Understanding this phase in depth enables progress toward solutions for more complex problems, such as chronic intestinal inflammation or colorectal cancer. The contents can remain in the colon for 12 to 24 hours before being expelled through the rectum as feces.
Why Use In Vitro Models to validate active ingredients?
To obtain scientific evidence about the real effect of an active ingredient in the body, in vitro digestion models have become an essential tool.
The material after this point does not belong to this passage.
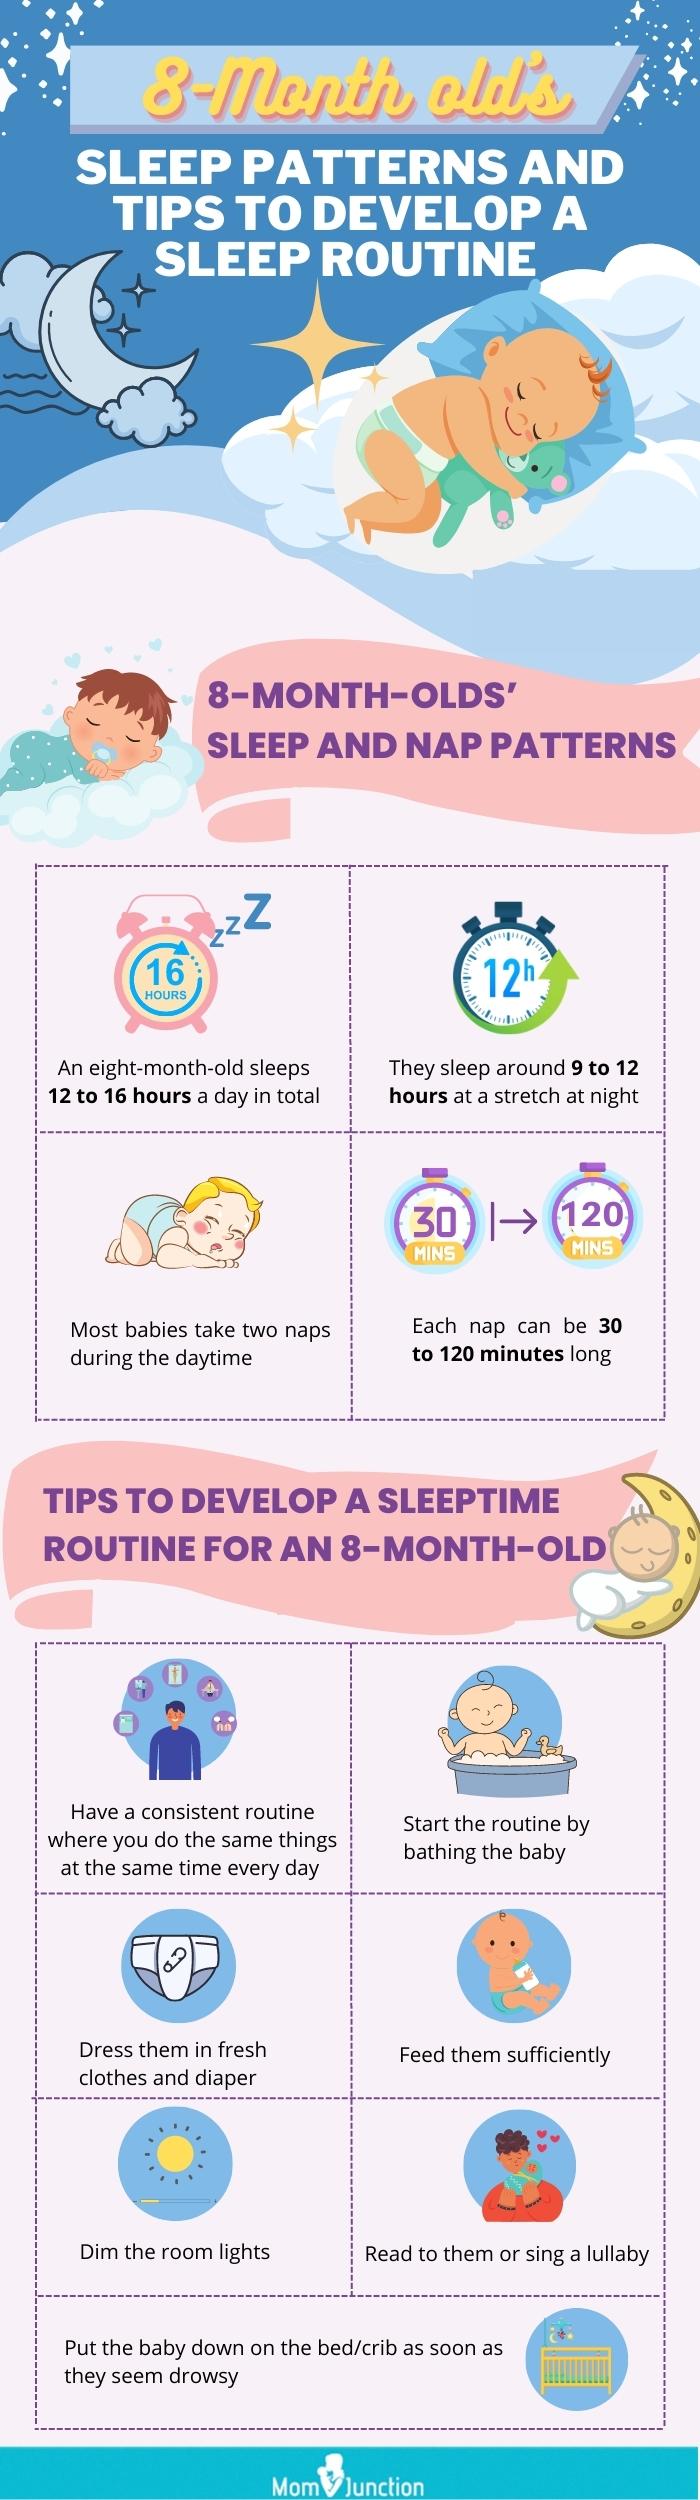 8 month olds sleep patterns and sleep routine [infographic]

These tests allow researchers to reproduce, in a controlled way, the physiological conditions that occur throughout the digestive process — from the oral phase to colonic fermentation.
Dynamic in vitro models accurately reproduce key variables such as pH, transit time, the presence of digestive enzymes, and salt concentration at each stage of the digestive system.
In addition to enabling the study of an ingredient’s behavior along the gastrointestinal tract, they provide an effective means to analyze its potential functional or beneficial effects after digestion and absorption. This methodology is also successfully applied in the field of animal digestive health, where in vitro digesters allow the evaluation of functional ingredients without resorting to animal testing.
These assays typically cover:
- Oral phase, where the initial release of the ingredient is evaluated.
- Gastric phase, to study its stability under acidic conditions.
- Intestinal phase, critical for determining its bioavailability.
- Colonic phase, which allows analysis of microbial fermentation and production of active metabolites.
After digestion, intestinal absorption can also be simulated using cell culture models such as the Caco-2 cell line, representative of the human intestinal epithelium. This technique helps estimate which fraction of the ingested compound could actually reach the bloodstream (the bioavailable fraction), which is crucial for ingredients with systemic effects.
Thanks to their versatility, reproducibility, and lower cost compared with in vivo studies, these models are increasingly used in both research and the development of new nutraceutical, functional, and veterinary products.